§ **EXERCISE AIM**: Every entry is to be returned unchanged, and no picture is to be included.

Source records
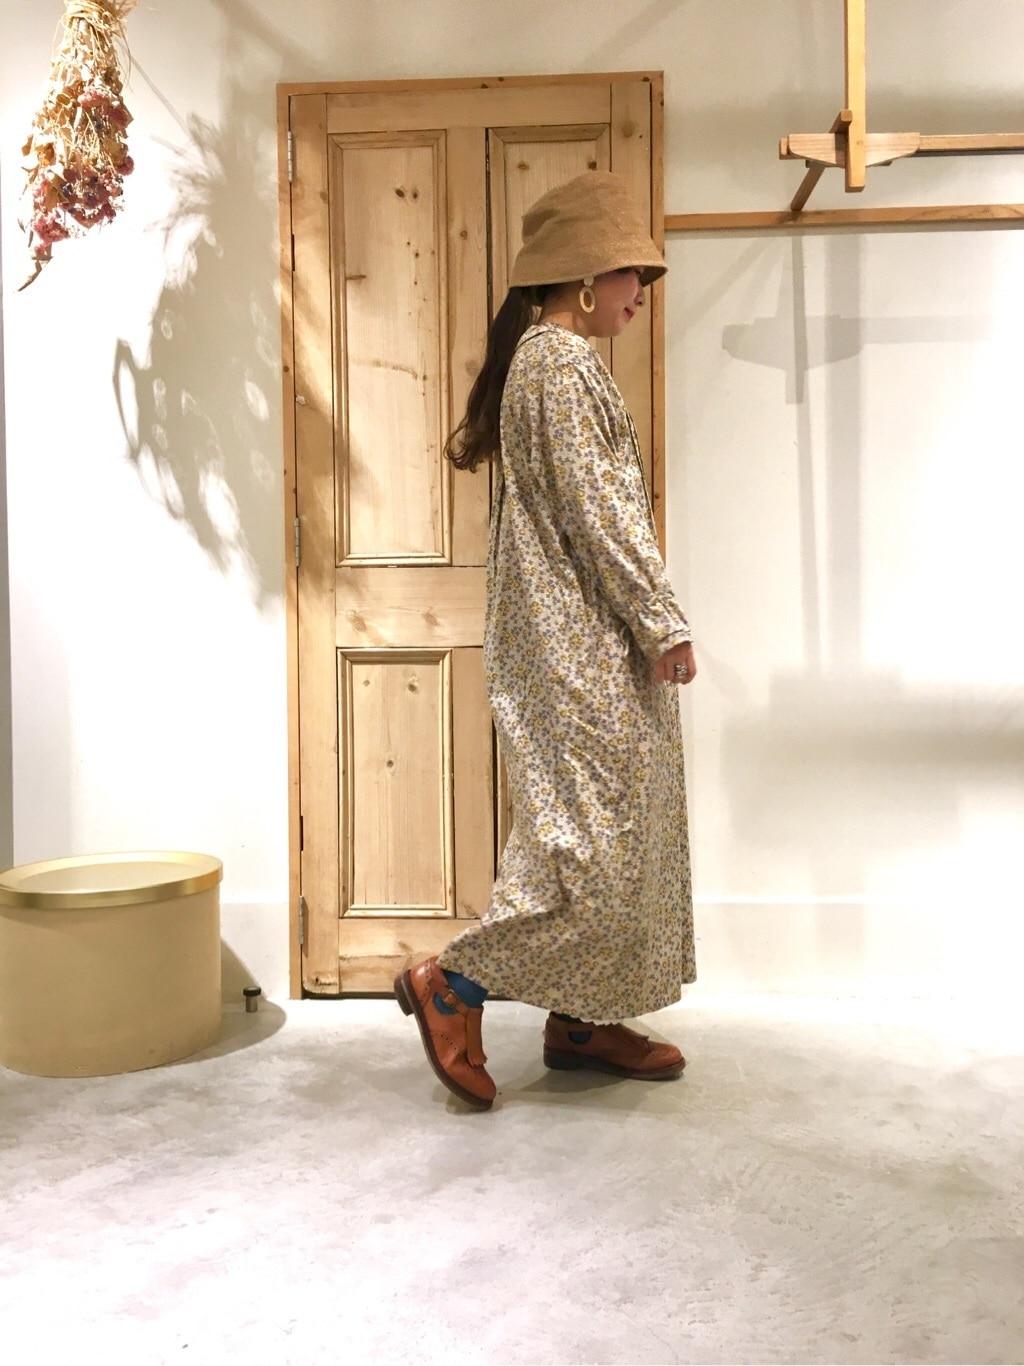 Malle chambre de charme 調布パルコ 身長:152cm 2020.02.28
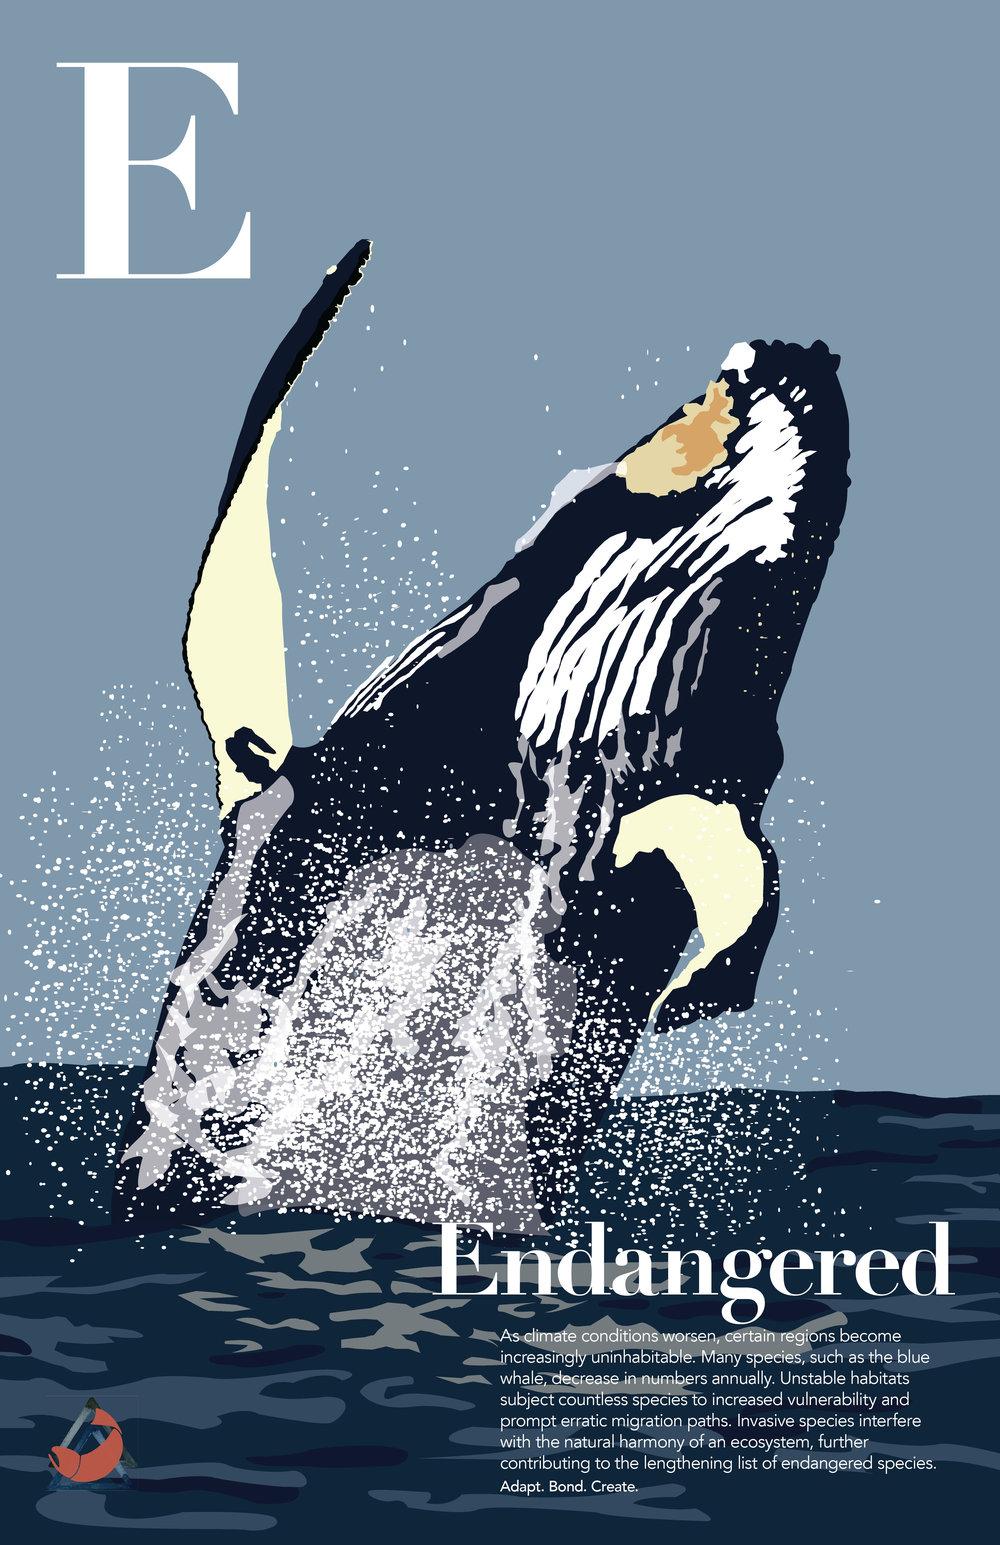 endangered_final copy.jpg
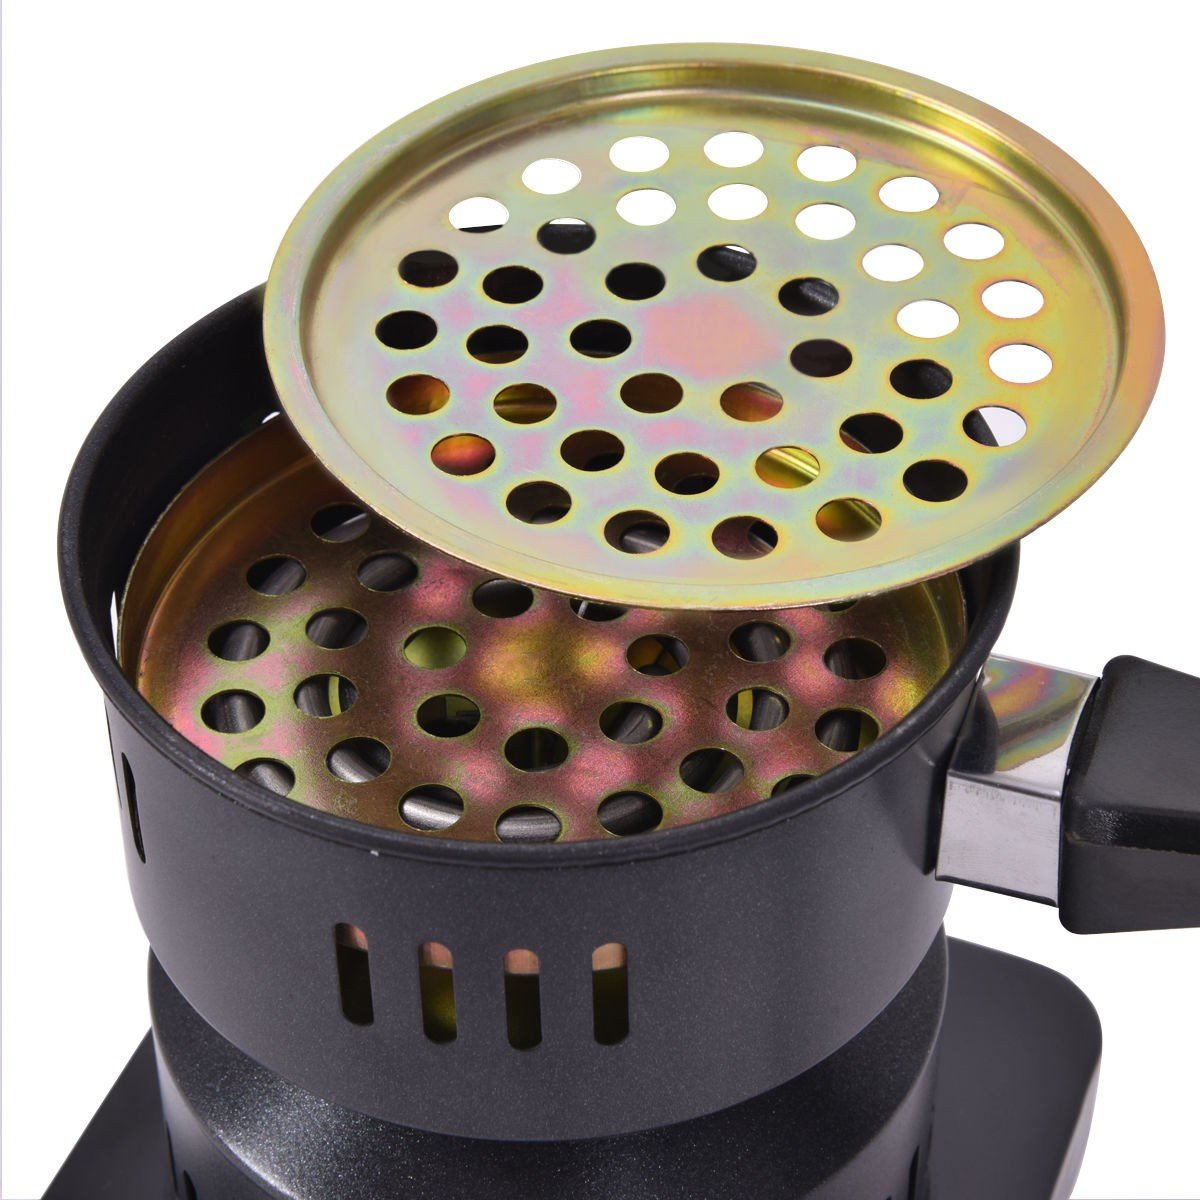 Electric Charcoal Starter Hookah Shisha Nargila Heater Stove Charcoal Burner Costway by COSTWAY (Image #4)
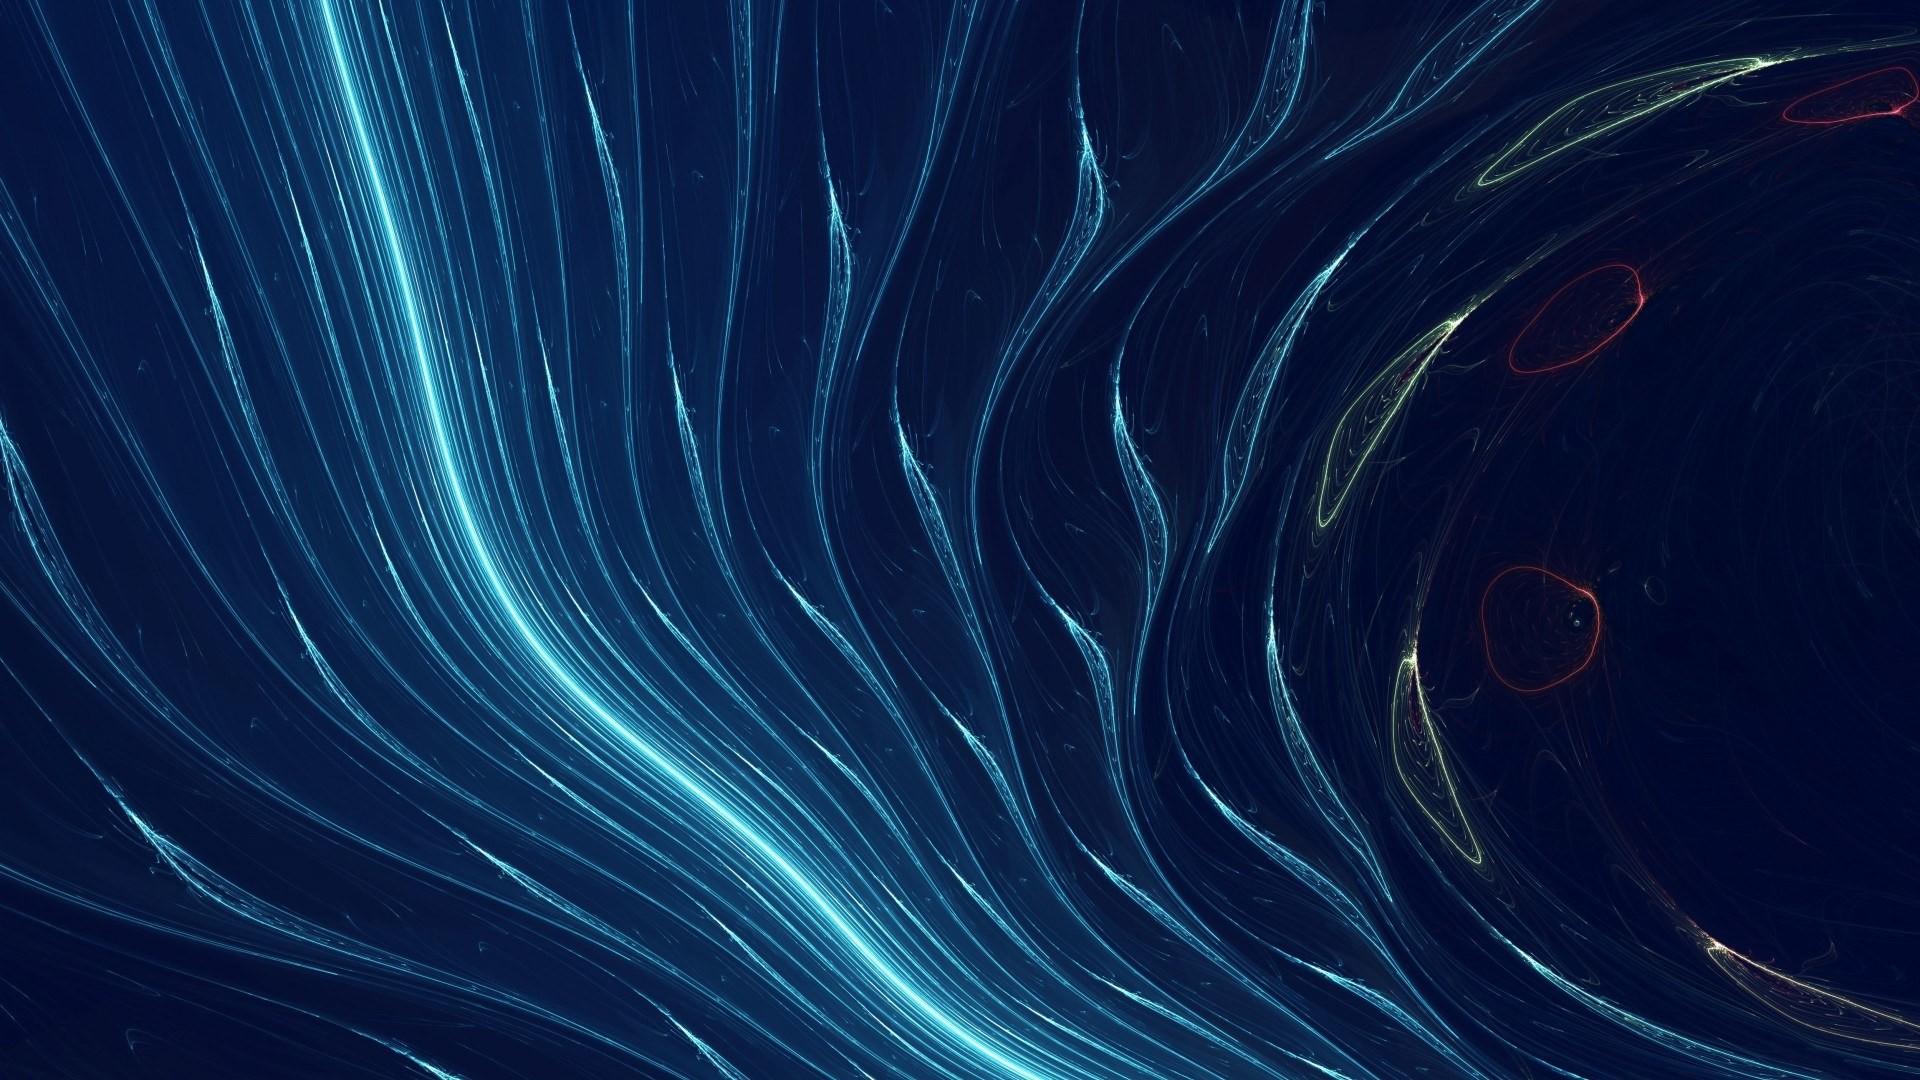 General 1920x1080 digital art abstract lines blue background neon smoke cyan
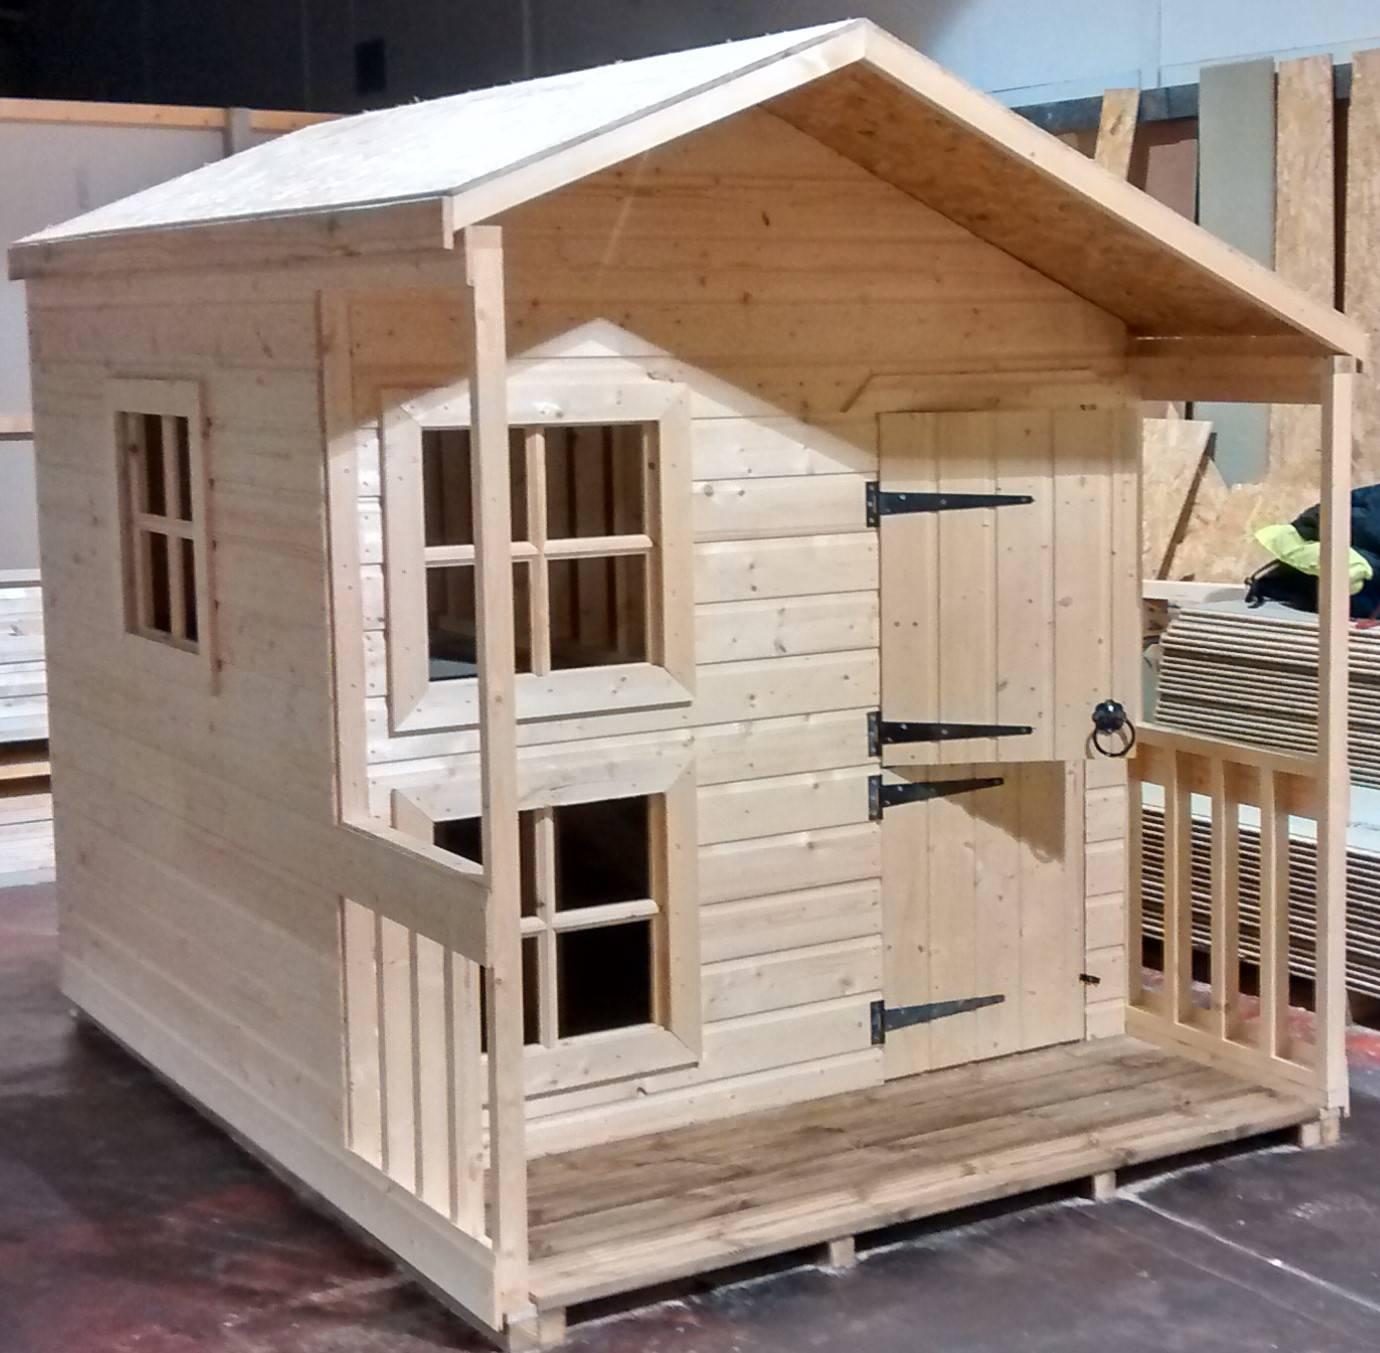 Two Storey Playhouse with Veranda (8' x 6')
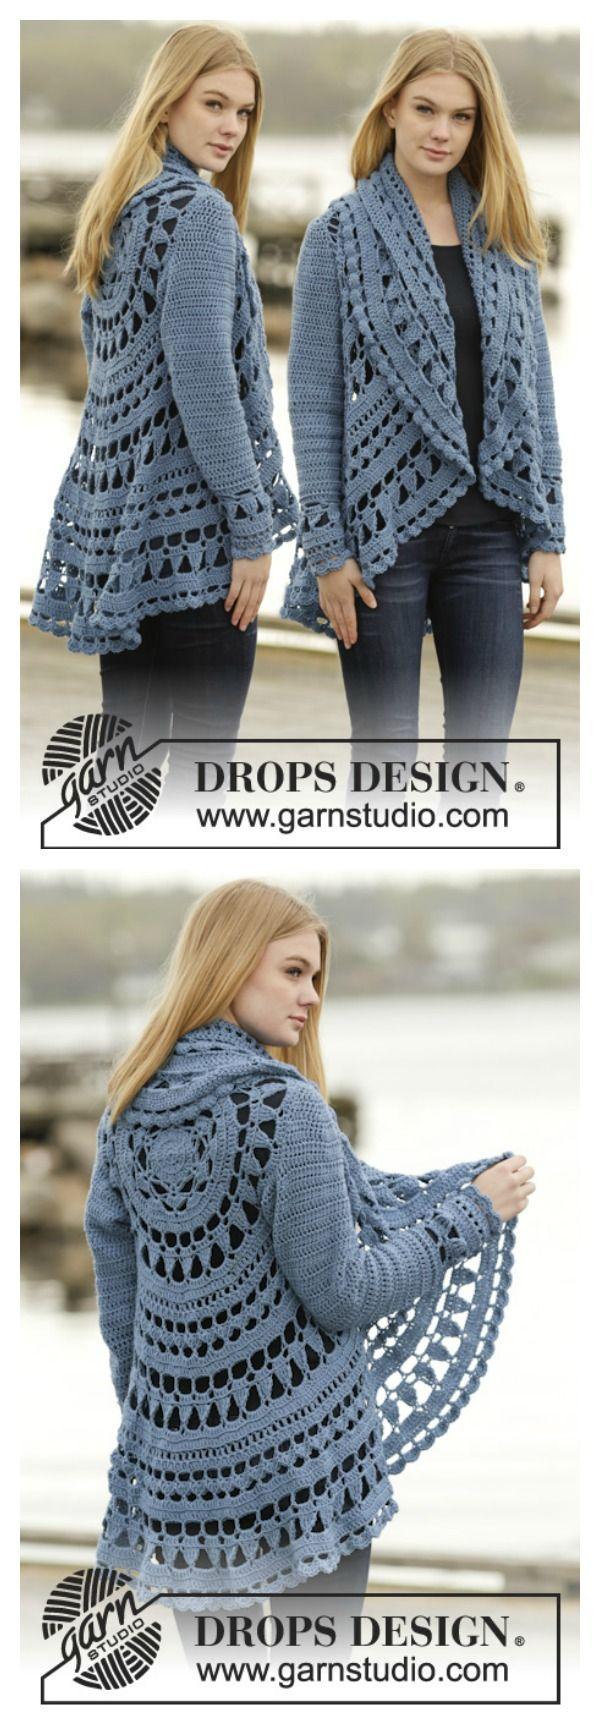 Knit Vest Pattern In The Round : Crochet Pretty Circle Jacket with Pattern Virkning, Monster och Sy

§ **TASK OUTPUT**:
 Malle chambre de charme 調布パルコ 身長:152cm 2020.02.28
 endangered_final copy.jpg
 Electric Charcoal Starter Hookah Shisha Nargila Heater Stove Charcoal Burner Costway by COSTWAY (Image #4)
 General 1920x1080 digital art abstract lines blue background neon smoke cyan
 Two Storey Playhouse with Veranda (8' x 6')
 Knit Vest Pattern In The Round : Crochet Pretty Circle Jacket with Pattern Virkning, Monster och Sy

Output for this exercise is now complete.